I didn't say that either - if the experience needed is not internal then get another one external like he did with Michael Kitchen - incentive based contract with a low base salary.
There are numerous experienced hired guns out there in the industry.
Goose
I did not suggest him Ratman did...just posting some info to share public information
Michael Kitchen
Was this his employment contract when hired in 9/03?

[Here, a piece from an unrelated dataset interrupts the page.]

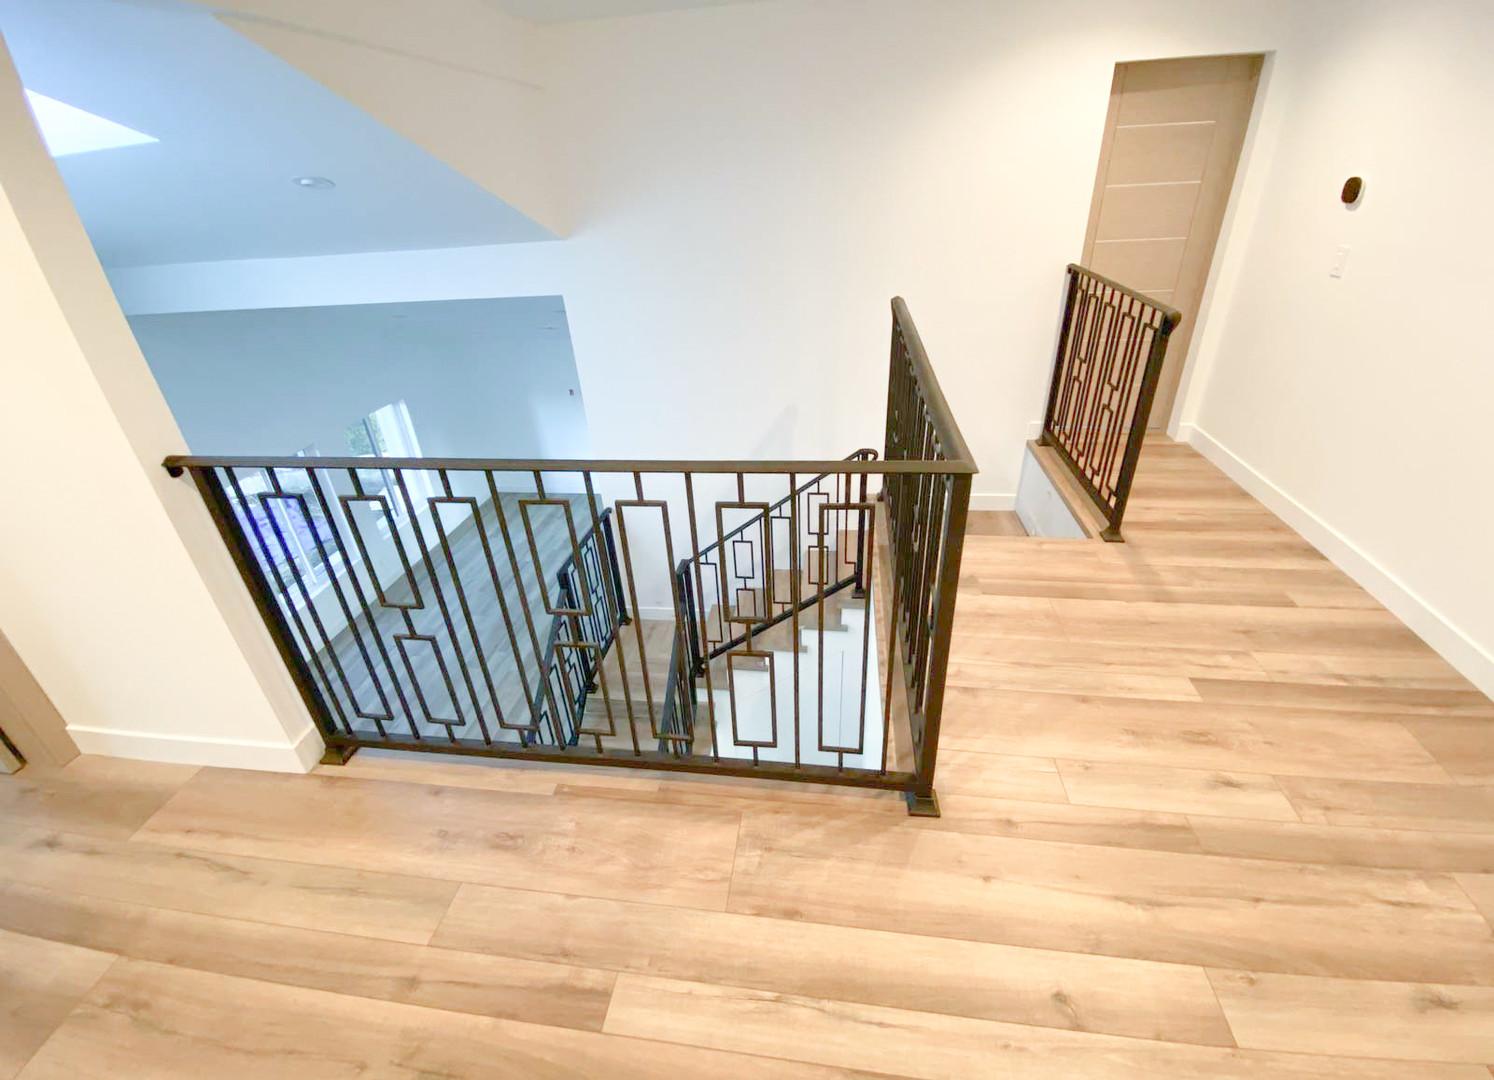 floors-and-railings1.jpg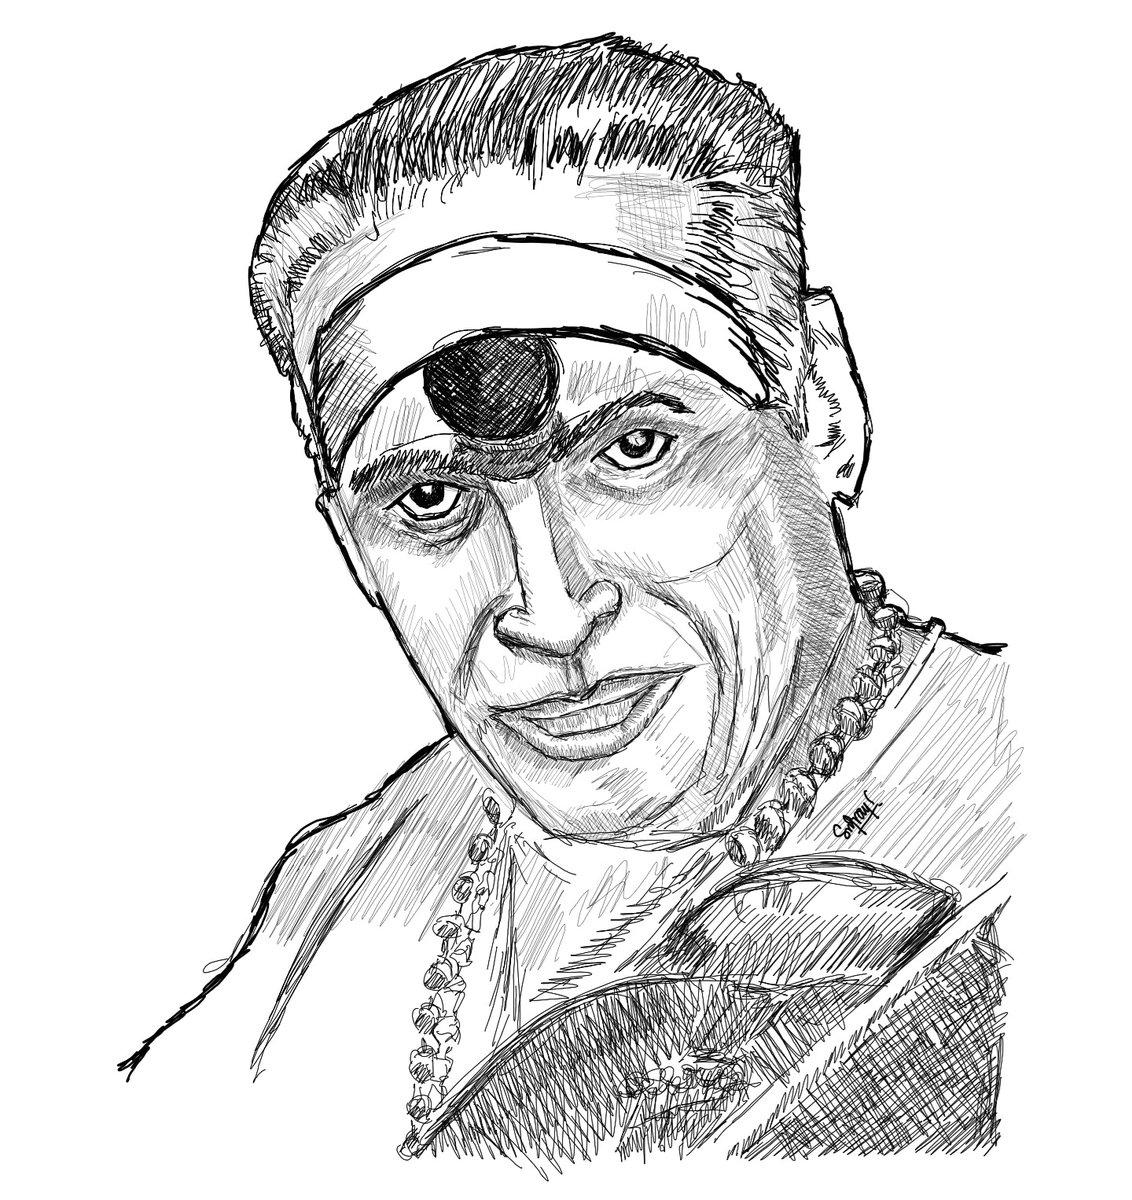 #kunnakudivaidhyanathan #Violinist #carnaticmusic #carnaticsmusician #portraitart #portrairtdrawings #sketches #blackandwhite #digitalart #digitaldrawing #sriramsvision #thrutheeyesofnidhi #penart #ArtistOnTwitter #art

From the SEC filing - is he ready to be CEO?
Employment Contract
Effective September 1, 2003, the Company entered into a contract with an employee whereby the employee is to receive a base salary and a four percent cash commission on all sales originated by the employee. In addition, the employee is entitled to receive options to purchase 1,000,000 shares of the Company’s common stock with an exercise price of $0.10 per share, if certain sales targets are achieved for each of the next three years. If the sales targets are not achieved, the stock options will not be granted. As of December 31, 2003 the sales target has not been achieved and, therefore, no stock options have been granted.
Michael Kitchen
From the SEC filing:
Michael Kitchen, age 30, is currently our vice-president of training and simulation sales. Mr. Kitchen is a veteran in the sale of firearm training simulators, with over seven years’ experience in the industry. He is a graduate of The University of Colorado, earning a B.A. degree in economics, with an emphasis in international marketing. Mr. Kitchen is responsible for all aspects of our regional, national, and international sales campaigns within the training/simulation market. Before joining our company, Mr. Kitchen was vice-president of international sales for Interactive Training, Inc. (“IES”). At IES, he was responsible for developing and managing operational sales plans for the international market.
Bull
What are you talking about? - Carly Fiorina
Check out her experience and educaction post Stanford - a fine educational institution as well. Kelly is no Carly Fiorina.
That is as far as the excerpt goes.